---
title: "Package and workflow design"
output: rmarkdown::html_vignette
vignette: >
  %\VignetteIndexEntry{Package_and_workflow_design}
  %\VignetteEngine{knitr::rmarkdown}
  %\VignetteEncoding{UTF-8}
---

```{r, include = FALSE}
knitr::opts_chunk$set(
  collapse = TRUE,
  comment = "#>"
)
```

The package follows an object oriented design, making use of the S4 class systems. The different classes in the package work together to produce a stepwise workflow. 

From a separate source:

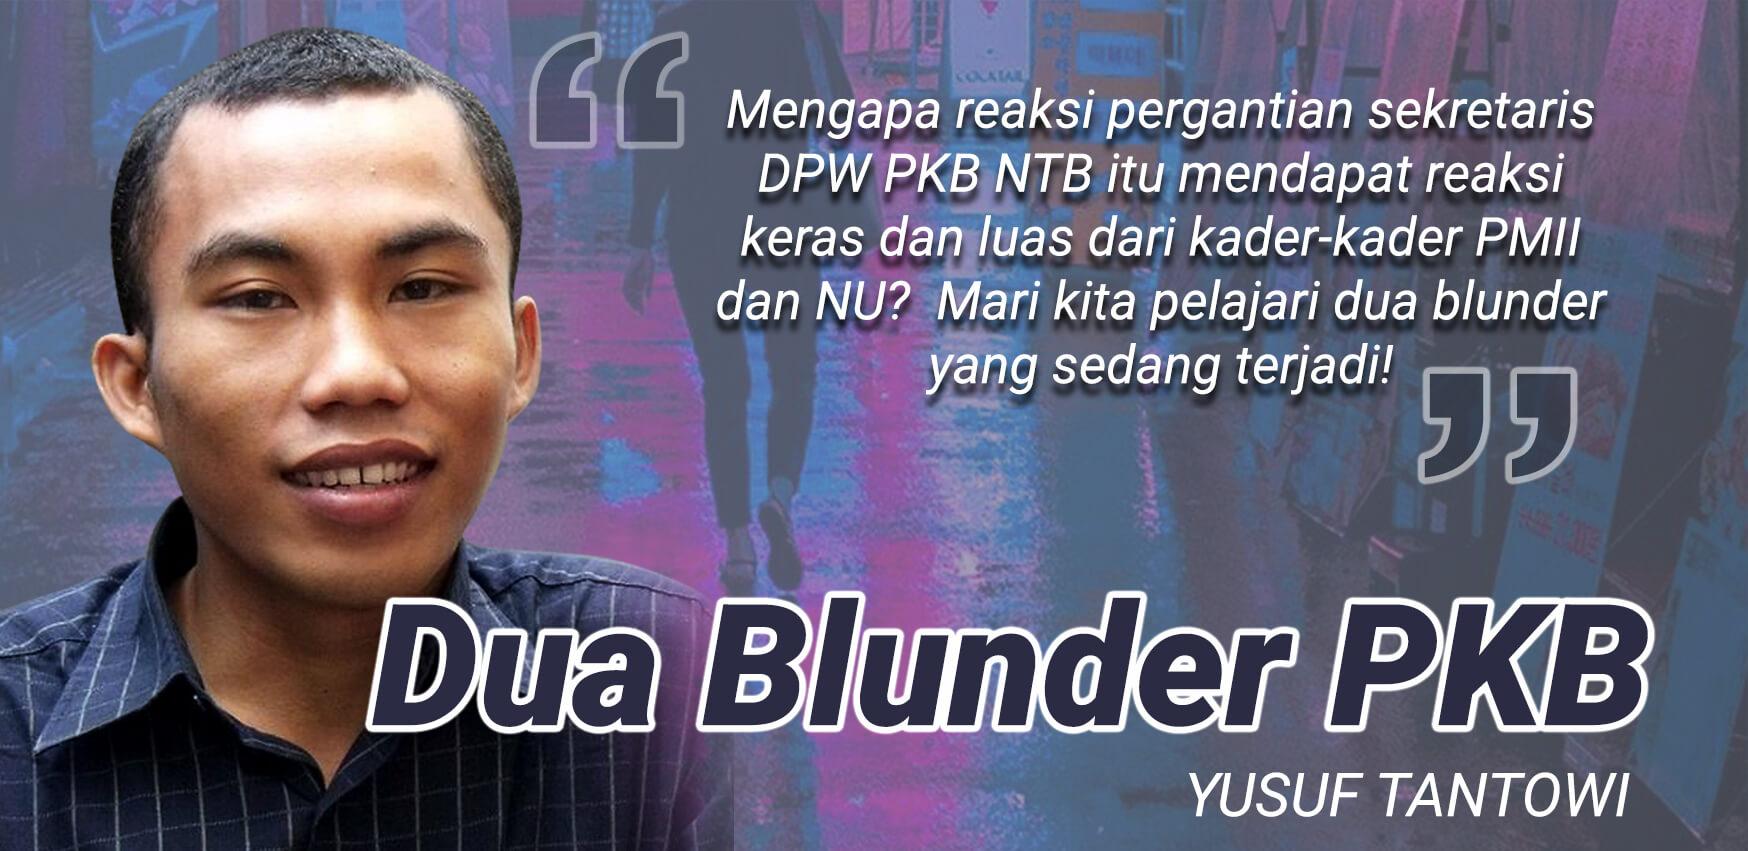 yusuf-Tantowi-dua-blunder-dpw-pkb-NTB

![The sspm workflow.\label{fig:workflow}](../man/figures/flowchart.png){width=100%}

1. The first pillar of the package's design is the concept of boundary data, the spatial polygons that sets the boundary of the spatial model. The boundary data is ingested into a `sspm_boundary` object with a call to `spm_as_boundary()`.

2. The boundary data is then discretized into a `sspm_discrete_boundary` object with the `spm_discretize()` function, dividing the boundary area into discrete patches.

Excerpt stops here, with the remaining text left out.